Nutrition per portion
These buckwheat pancakes make a great change to the traditional variety. Buckwheat is naturally gluten free and full of flavour and nutrients. Our buckwheat pancakes have a great nutty taste and a chewier texture. They work brilliantly with the dark melted chocolate and toasted nut combination in this indulgent brunch recipe. If you like you could try something savoury like mixing finely grated beetroot into the batter and serving with a dollop of crème fraiche.
Or for another sweet option, try mixing some lemon curd with whipped cream and serve with a pile of chopped fresh fruit and berries. We’ve used buttermilk in the batter, which can be found in most supermarkets. If you can’t find it, mix some up using 1tbsp lemon juice in 250ml milk. It can be so much cheaper to make your own and you might already have the ingredients in the house!
This recipe makes eight buckwheat pancakes and will serve 4 but it is easy to double the mixture if you are catering for more.

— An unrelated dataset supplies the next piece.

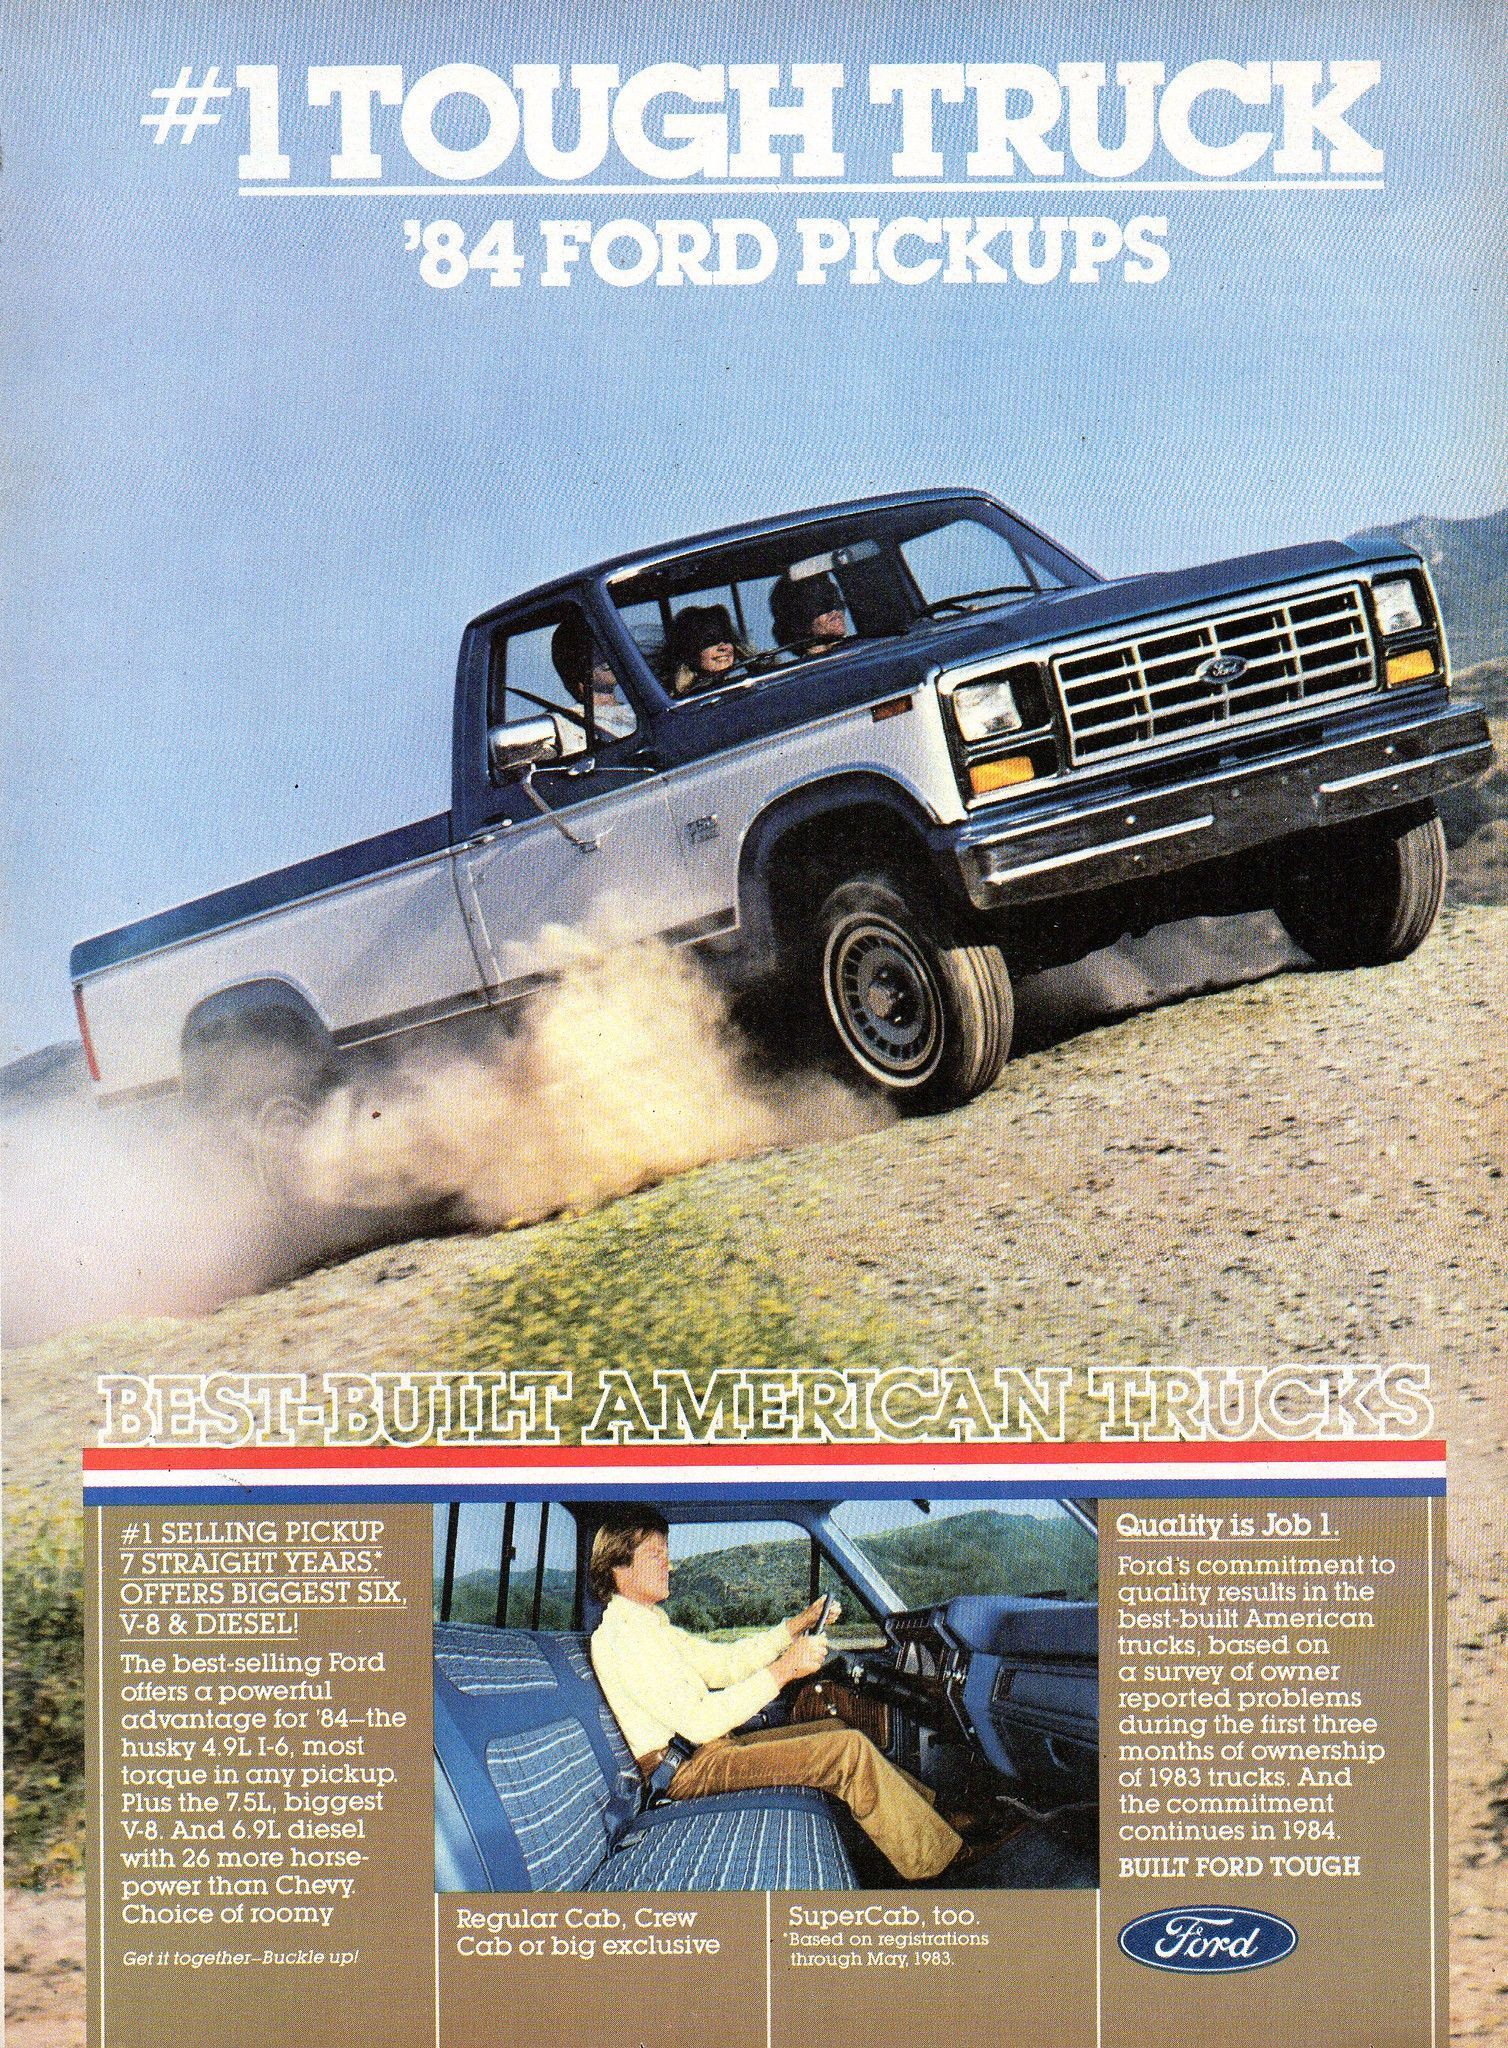 1984 Ford F Series Regular Cab Crew Cab SuperCab Pickup Trucks USA Original Magazine Advertisement

We’ve got plenty more pancake recipes for you to choose from, why not make a full pancake menu for Shrove Tuesday? It’s a fun dinner for all the family!
- 150g buckwheat flour
- 1tsp baking powder
- 1tbsp sugar
- 1 free-range egg
- 284ml carton buttermilk
- 60ml milk
- 60g butter, melted
- 140g dark chocolate, melted
- 4tbsp golden syrup
- 300ml cream, whipped
- 140g Nutella
- few scoops ice cream
- 100g toasted hazelnuts, roughly chopped
In a bowl, mix the flour, baking powder and sugar. Make a well in the centre and crack in the egg, then pour in the buttermilk and milk. Whisk to form a smooth batter.
In a large saucepan, melt the butter. Pour this into the pancake mixture and stir. Fry large spoonfuls of the mixture for 1-2 mins each side.
Mix together the melted chocolate and golden syrup. Layer the pancakes with the chocolate sauce, whipped cream, Nutella, ice cream and hazelnuts.